Whenever my eyeglasses prescription is updated, I find myself looking at a new world. Oftentimes, this same revelation is how I feel when researching electromagnetics: every few years I open my eyes a little wider and realize all of the developments occurring at any given point. With consistent pushing of the waveforms used in the electromagnetic spectrum, and the wide adoption of mmWave, microwave, and infrared technologies, it is little surprise that systems are requiring more advanced EM simulation tools these days. 

While the above whitepaper takes a look at 3D full-wave EM modeling, below you can find an overview of wave spectrums, waveforms, and some advancements in EM simulation in recent years. 

Wave Spectrums and EM Simulation

Maxwell's equations have long been used in EM simulation to utilize displacement currents for the purpose of resolving electric flux ambiguity. In many ways, we've come a long way since the bare bones understanding that the coupling between two fields (electrical, magnetic) generates electromagnetic waves; however, at the core of these equations this is still what we are operating with. 

With EM solvers operating in 3D full wave, planar modes as well as working through true parallelized matrix computational flows, the amount of time able to be saved, accuracy able to be ensured, and overall cost-for-production for the latest innovations in electronics are going to radically change. 

mmWave and Microwave Frequencies

mmWave and Microwave frequencies are some of the most currently explosive categories of technology currently being optimized via EM solvers. Recent trends revolve around improving data transmission rates, resolving bit error rates, and, as always, minimizing interference.

One such application is in the commercial technology of wireless power transmission (WPT). While the technology is being optimized for continued and improved efficiencies, it is also being expanded even further into technologies like power beaming, a subsect of WPT, that insists on utilizing either optical, mmWave, or Microwave frequencies to electromagnetically beam the transmission of energy across a free space to devices. This technology works to empower power distribution grids as well as alternative energy solutions. 
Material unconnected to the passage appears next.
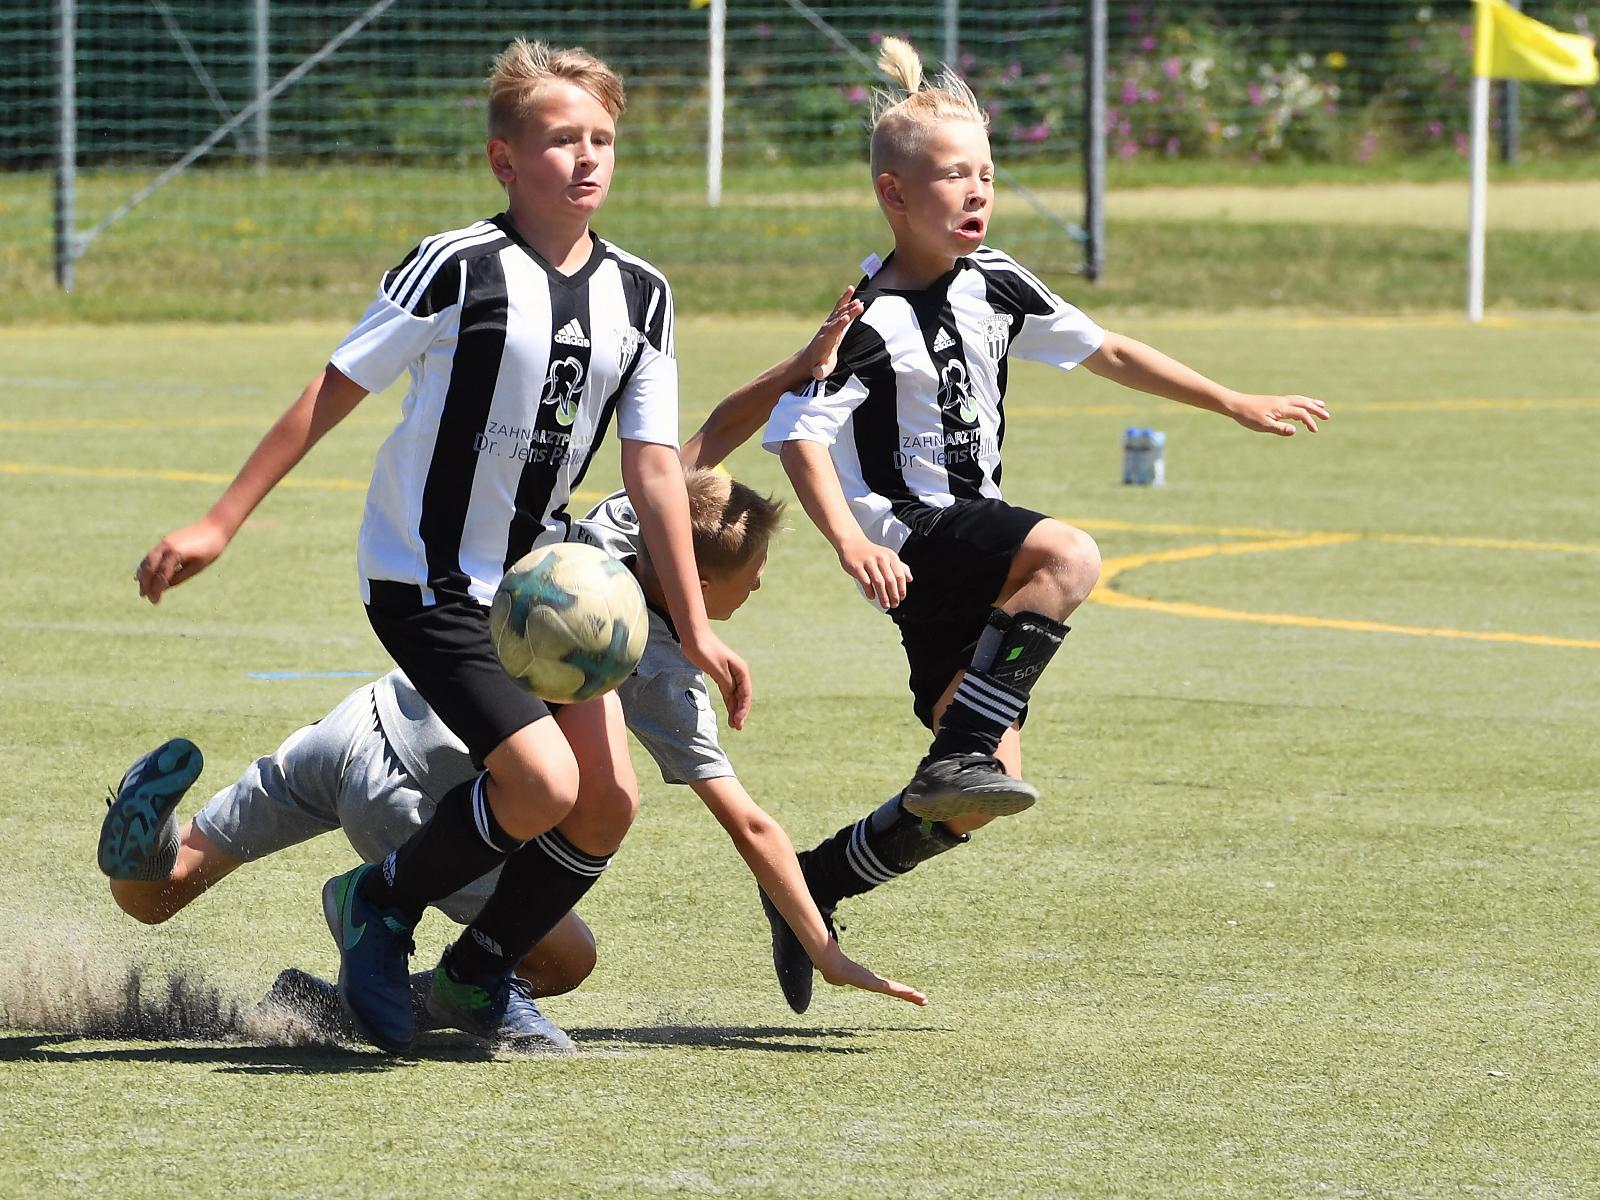 Die jungen Kicker auf dem Rasen

How EM simulation works alongside these technologies is providing the necessary computational methods to determine things like power conversion, transmit and receive apertures, as well as assist in the development of any necessary filters, rectifiers, and antenna arrays. Additionally, these developed components and arrays can then be applied to expand other technological developments, therein heightening the technological capacities of the industry all around. 

Plane Waves, Wave Computing, and Wave Generators

When working with planar waves, calculations that are particularly helpful are in boundary conditions and boundary value problem resolutions. As a simple understanding, these assist  in identifying the necessary nature of the EM wave , as well as reducing the total unknowns in the problem. Adding in factors like time, angles, reflections, impedance, and shielding can all shift and add dimensions to the boundary conditions that would make solving these equations particularly challenging. 
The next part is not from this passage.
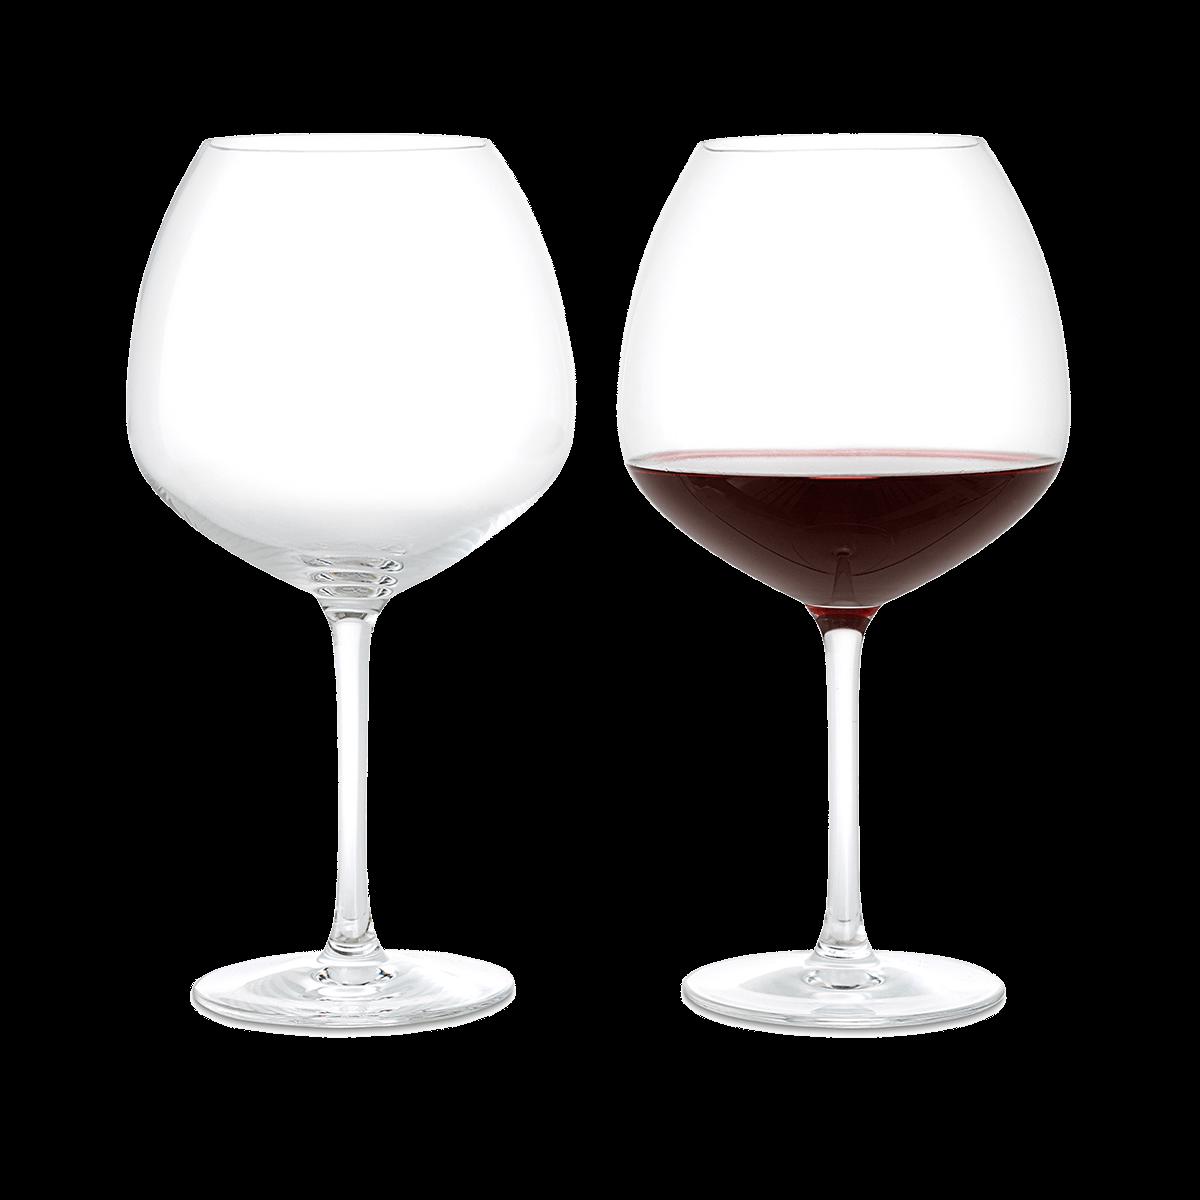 ROSENDAHL Premium rødvinsglas 93 cl 2 stk

Utilizing planar waveform computing, though, has enabled new innovations in dealing with classic EM problems such as radiation noise, EMI cancellation techniques, magnetic coupling, and managing signal to interference plus noise ratios. This enables technologies like highly efficient electromagnetic coupling power transmitters, MIMO radars, and antenna array design. 

Wherever you look, the world of electromagnetics is evolving and transforming. This new methodology, enabled by new Cadence technology, will demonstrate that larger models can be created faster while maintaining gold-standard accuracy.